In Grafana (or Jaeger), you can find distributed traces by:

  • Service name -- Search for the client's service.name (e.g. "orchestrator") to find traces that originate from the client.
  • Span attributes -- Filter by gen_ai.agent.remote = true to find all remote agent calls.
  • Trace ID -- If you log trace IDs in your application, you can look up a specific trace directly.

Correlating Client and Server Spans#

Because both the client and server export to the same backend (or to collectors that forward to the same backend), spans from both services appear in the same trace view automatically.

If the client and server export to different backends, you can still correlate them manually by trace ID. The trace ID is the same on both sides -- search for it in each backend to see the corresponding spans.

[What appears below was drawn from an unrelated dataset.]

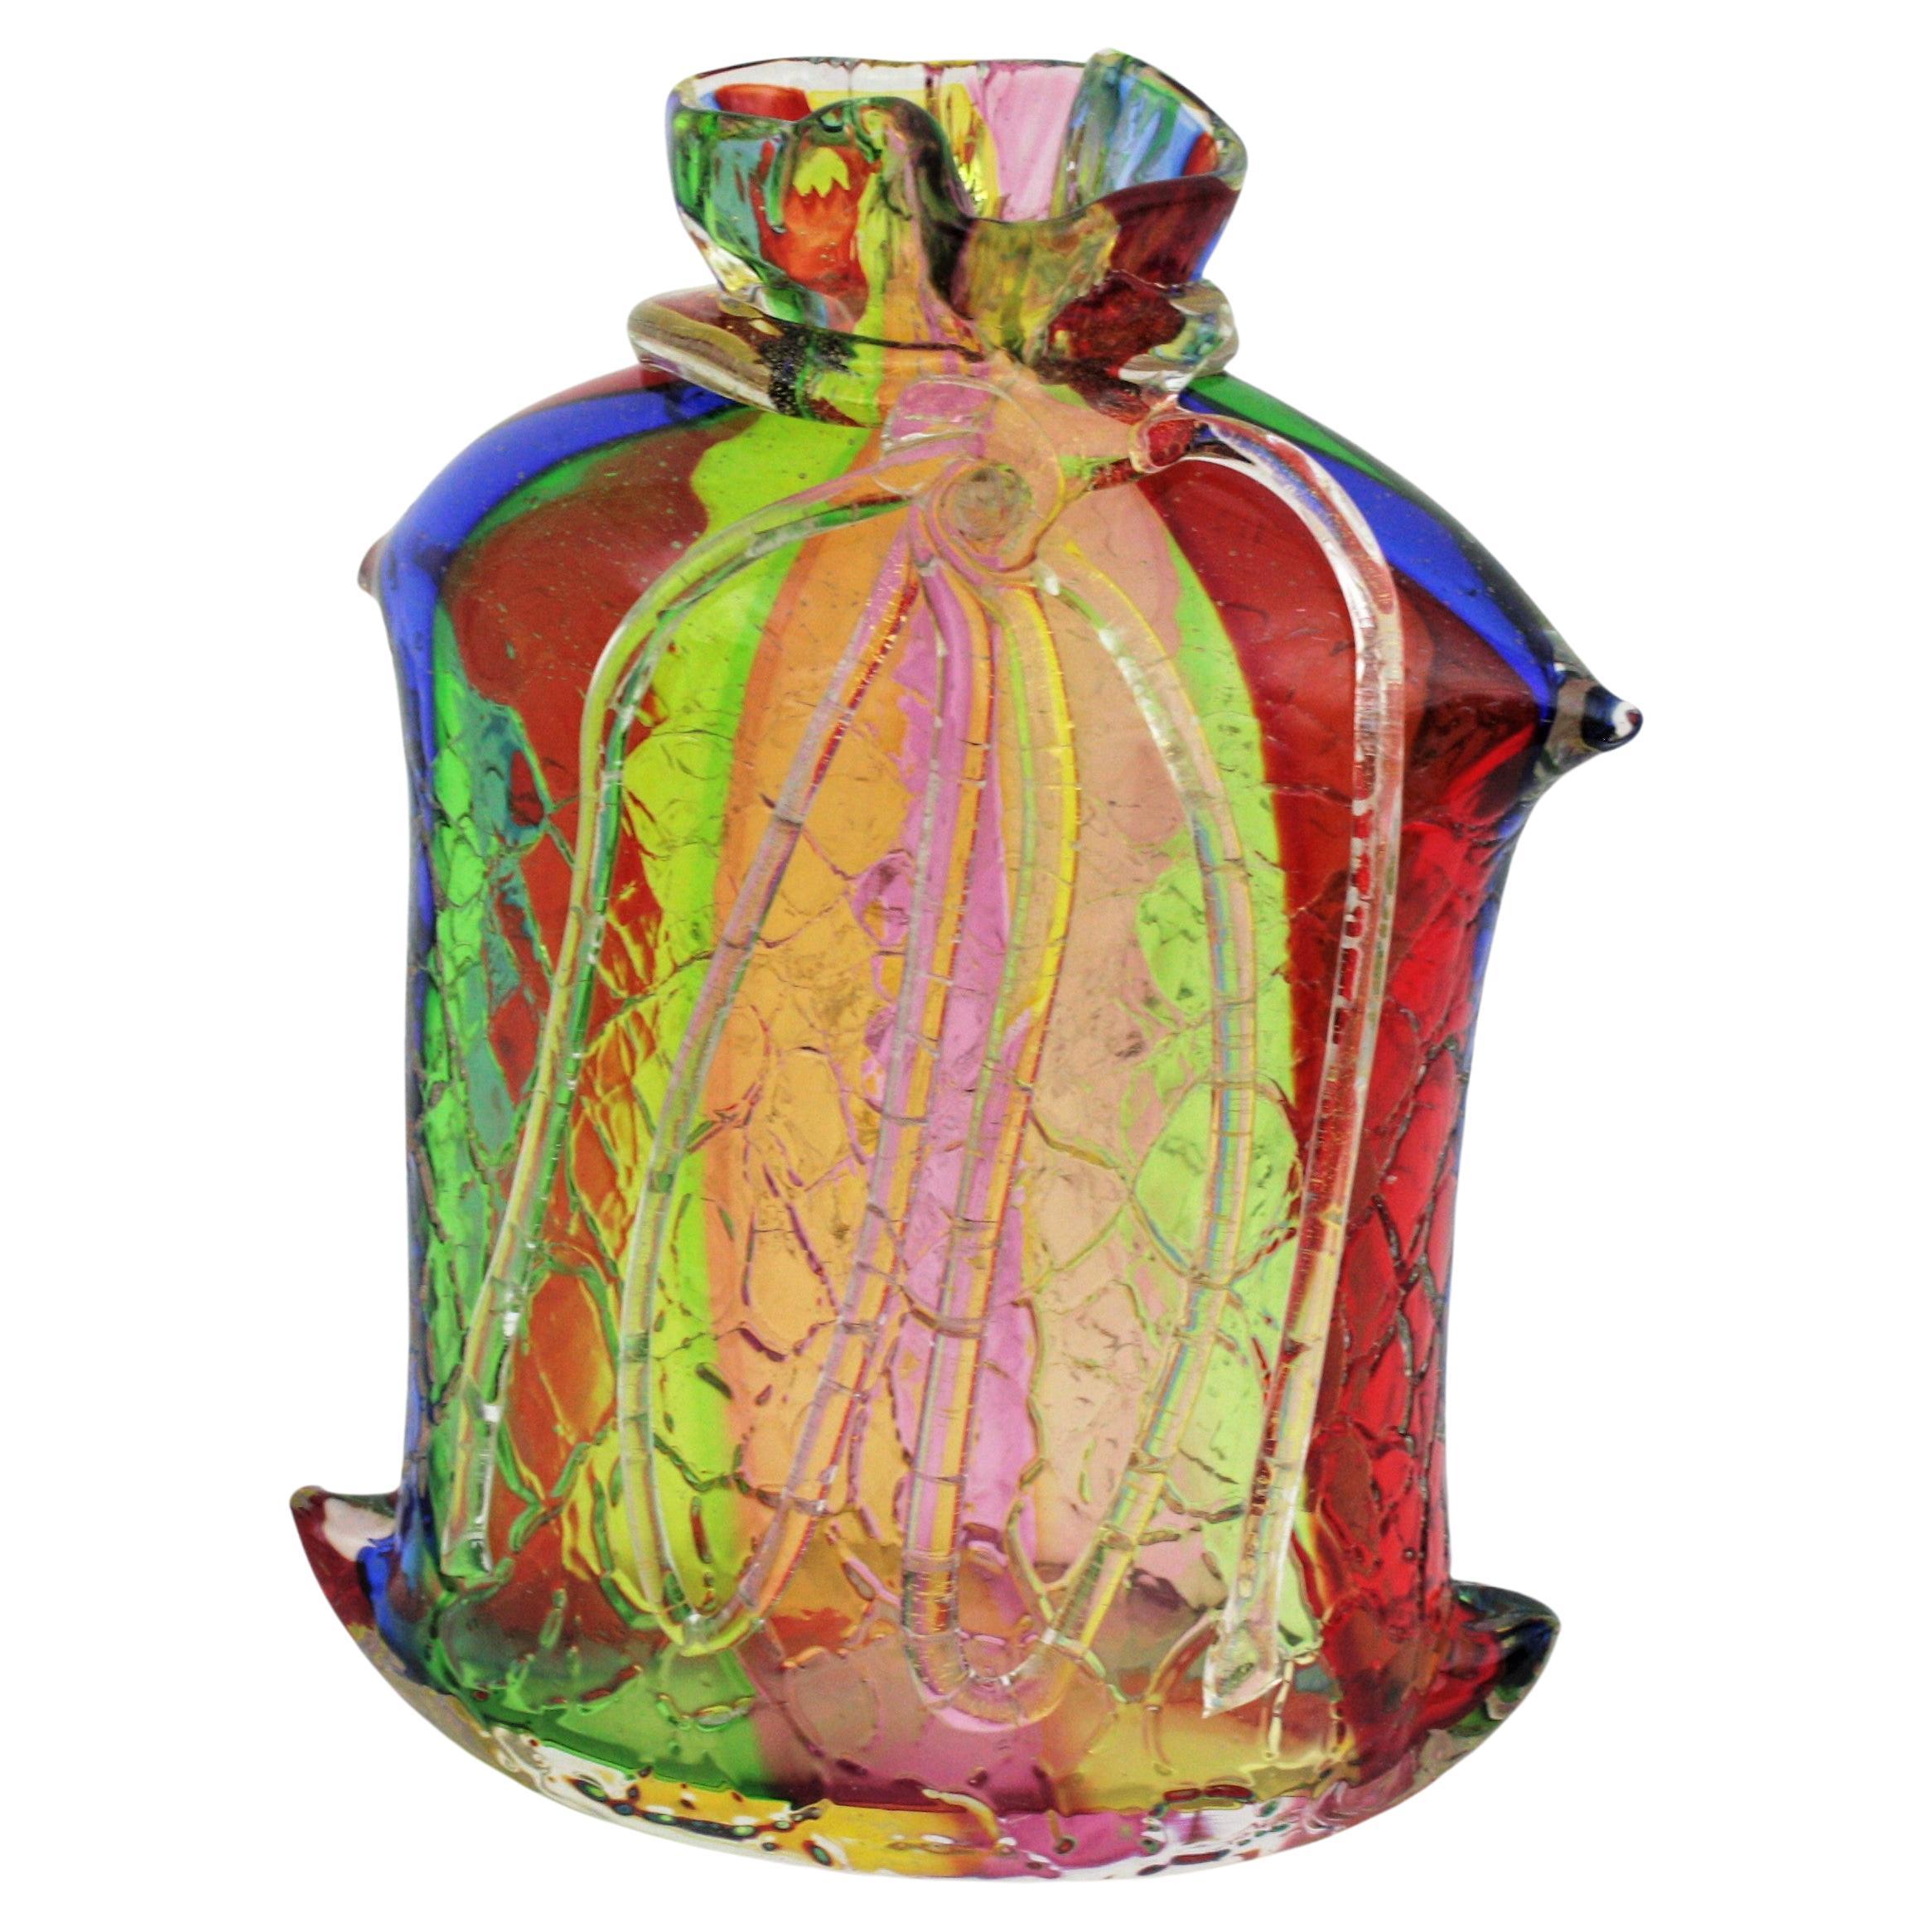 One of a kind hand blown multi-color rainbow stripped large vase with rope detail. Attributed to Fratelli Toso, Italy, 1950s.
This stunning large tied rope sack bag shaped art glass vase is made of multi-color thick stripes submerged into clear

Using the Local Development Stack#

The Local OpenTelemetry Setup page provides a Docker Compose stack with an OpenTelemetry Collector, Grafana Tempo, and Grafana. Point all your services' exporters at http://localhost:14317 and open http://localhost:3333 to explore traces.

In Grafana's Explore view, select the Tempo data source and search by service name or trace ID. You will see a flame graph with spans from all services arranged by time, making it straightforward to identify latency bottlenecks and errors in your multi-agent system.